In a carefully paced sequence of images, the director follows an elderly couple (the entire cast consists of two experienced actors, Vera Valdez and Ramon Del Rio) while the man takes care of his wife both before and after her last breath. The minimalism of the film stems from the decision to focus on only two characters, a small house and a restrained, slow-burning act resting on the protagonist’s shoulders. It all unspools in the vein of ora et labora asceticism, which pervades the whole film, accentuated by rigorous formal aspects. The overall minimalism, long takes and observational style originate in the realms of slow cinema aesthetics, a stylistic palette the director uses to forge the ruminative narrative and immerse us in reflection. He thus acknowledges the formative presence of Lisandro Alonso’s and Carlos Reygadas’ works, alongside more invisible references to the masters of cinema Andrei Tarkovsky, Alexander Sokurov and Carl Theodor Dreyer.

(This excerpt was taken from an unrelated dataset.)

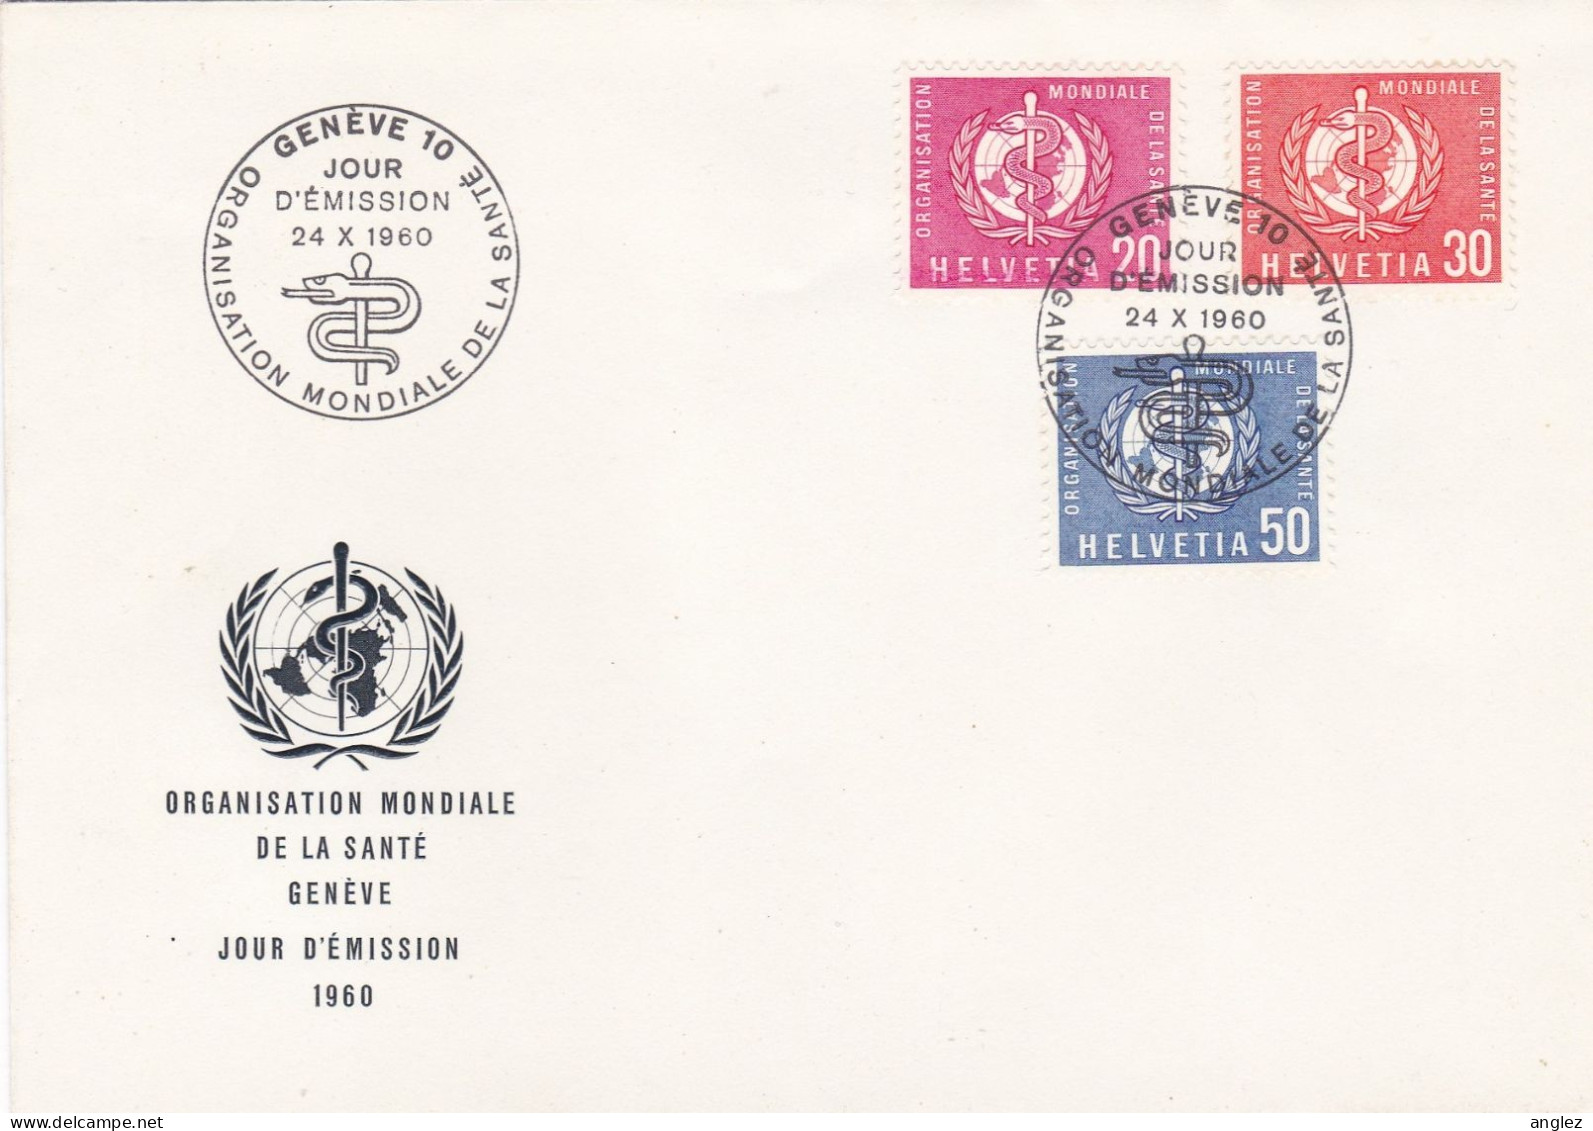 United Nations - Switzerland Geneva Office 1960 WHO / OMS Definitives FDC - FDC

The man carries out the last rites for his wife, albeit not exactly according to religious conventions, but in a very intimate, personal and intensive manner. He clearly bears the burden of a strong bond that has been severed, and the contemplation of life and death in progress is channelled through the main character as an all-encapsulating theme. The mystery of what life is, as seen from the post-mortem point of view, echoes themes present in Lamar’s previous works. This initial topic in The Last Land is a personal fascination of the director’s, which he examines through sparse, albeit thoughtfully composed, images and absorbing ambient sounds. The whole affair unfolds in a lush forest, beyond society’s reach and away from its customs, and thus the basic setup comprising man, death and nature elevates the film and the viewing experience itself to the point of contemplation and primal spirituality.

Every single gesture bears a resemblance to a ritual, culminating in a kind of liturgy in the church of nature and a very human way of grasping the stupendous enigma of life and death. “Personally, for me this film is meant to be a ritual – in general, watching films is a ritual,” and Lamar’s intention here is to create an immersive viewing experience.

The Last Land was produced by Fortuna Films, Sapukai Cine and Cinestación, as a four-country co-production between Paraguay, the Netherlands, Chile and Qatar. It received backing from the Doha Film Institute, the Hubert Bals Fund Plus, the 2012 Cannes Atelier and the Paraguayan National Fund for Culture and the Arts.